En réalité, aucun des éléments du précédent article de la Déclaration Universelle des Droits de l'Homme n'est respecté à Haïti. L’espérance de vie d'un citoyen haïtien est moins de 63 ans, tandis que celle de son voisin, la République Dominicaine, s'élève à 75,6 ans, selon le rapport de l’Indice de Développement Humain (IDH) du Programme des Nations-Unies pour le Développement (PNUD) en 2018[5]. Les soins médicaux sont inexistants dans les centres hospitaliers haïtiens où les médecins et les autres personnels de santé sont obligés de protester dans les rues afin de faire passer leur revendication. Alors, avec la présence du ‘’Coronavirus’’, nos dirigeants, seront-ils en mesure de répondre aux contraintes de cette maladie ? Y a-t-il des espaces destinés à mettre en quarantaine les suspects du ‘’Coronavirus’’ ? Que fera l’État avec les infectés de ce virus’’ ?

 *Le Pacte International relatif aux Droits Économiques, Sociaux et Culturels de 1966*

 L'article 12-1 de ce Pacte expose : ‘’Les Etats parties au présent Pacte reconnaissent le droit qu’a toute personne de jouir du meilleur état de santé physique et mentale qu’elle soit capable d’atteindre.
Les mesures que les Etats parties au présent Pacte prendront en vue d’assurer le plein exercice de ce droit devront comprendre les mesures nécessaires pour assurer :
a)      La diminution de la mortinatalité et de la mortalité infantile, ainsi que le développement sain de l’enfant ;
b)      L’amélioration de tous les aspects de l’hygiène du milieu et de l’hygiène industrielle ;
c)      La prophylaxie et le traitement des maladies épidémiques, endémiques, professionnelles et autres, ainsi que la lutte contre ces maladies ;
d)      La création de conditions propres à assurer à tous des services médicaux et une aide médicale en cas de maladie[6].’’

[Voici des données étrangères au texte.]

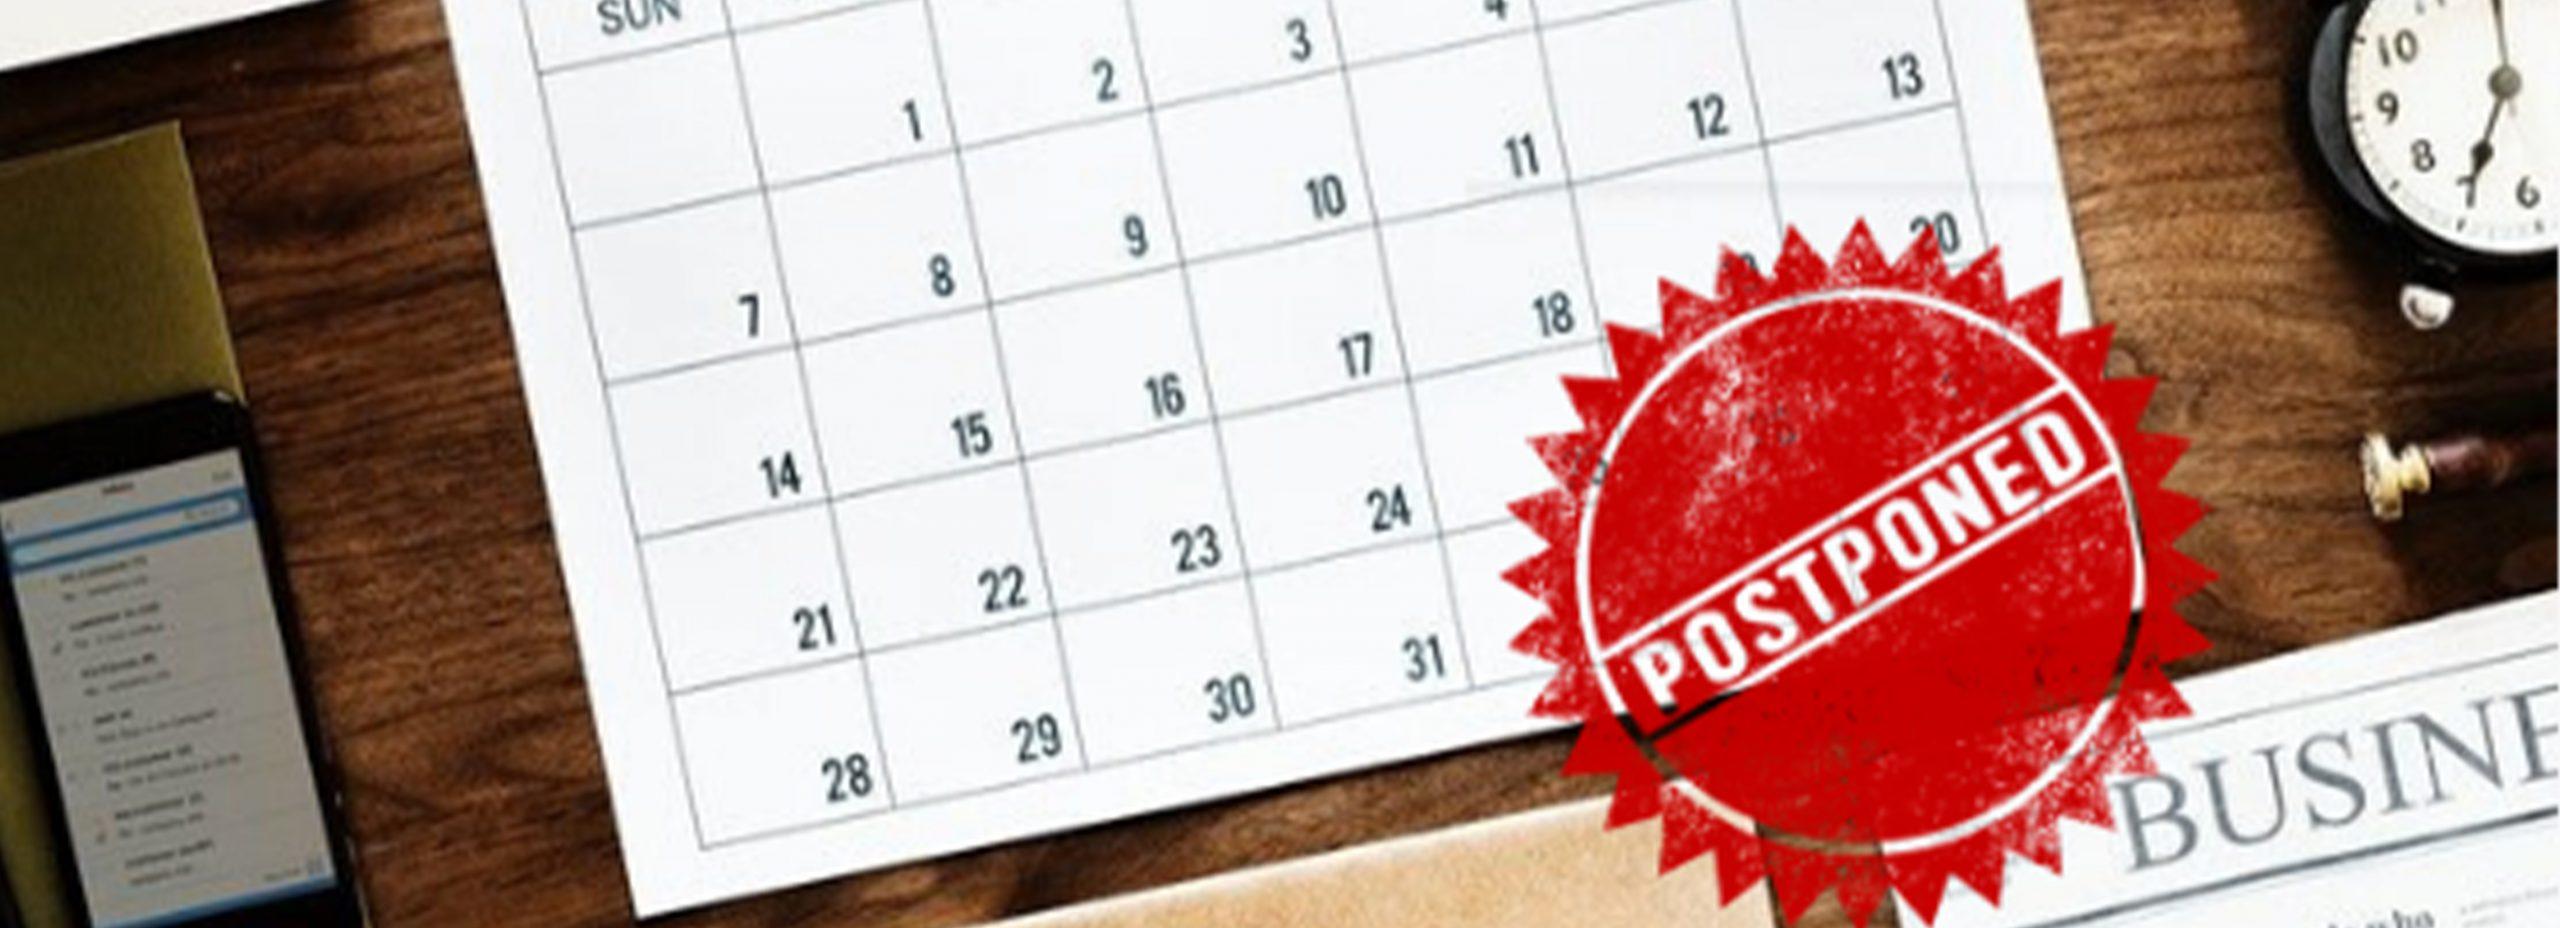 Bando INAIL 2019 – Click Day 2020 Sospeso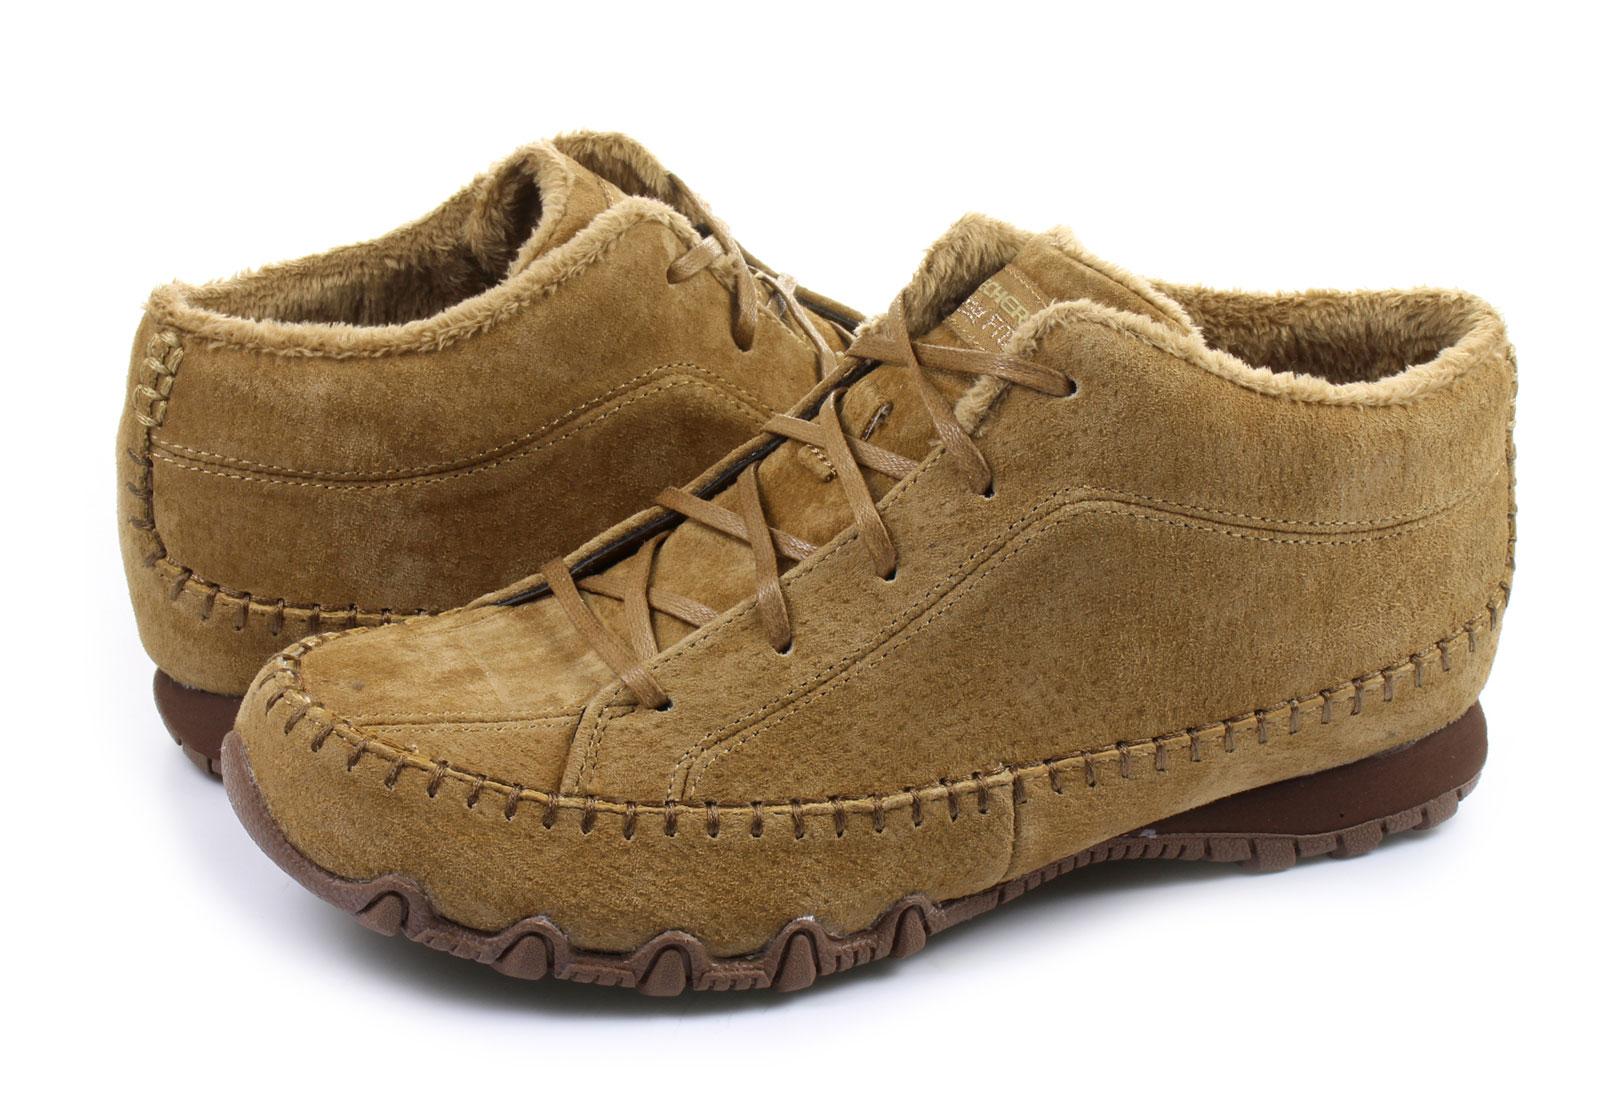 Skechers Cipő - Bikers - 49013-brn - Office Shoes Magyarország 910b291b26

La réalité du système sanitaire haïtien est en contradiction flagrante avec l’esprit de l’article 12-1 du Pacte International relatif aux Droits Économiques, Sociaux et Culturels de 1966. En effet, Le rapport intitulé « Chaque vie compte : le besoin urgent de mettre fin à la mort des nouveau-nés » présenté par l'UNICEF indique qu’Haïti apparaît le pays ayant le taux de mortalité le plus élevé de la région, avec 1 décès pour 41 nouveau-nés. Il est suivi par la Dominique (1 sur 42), de la Guyane (1 sur 50) et de la Bolivie (1 sur 53). Cependant, Cuba est le pays ayant le plus faible taux de mortalité néonatale avec 1 décès pour 417 nouveau-nés. Il est suivi d'Antigua-et-Barbuda (1 sur 264), d'Uruguay (1 sur 200) et du Chili (1 sur chaque). 186) et le Costa Rica (1 sur 176)[7].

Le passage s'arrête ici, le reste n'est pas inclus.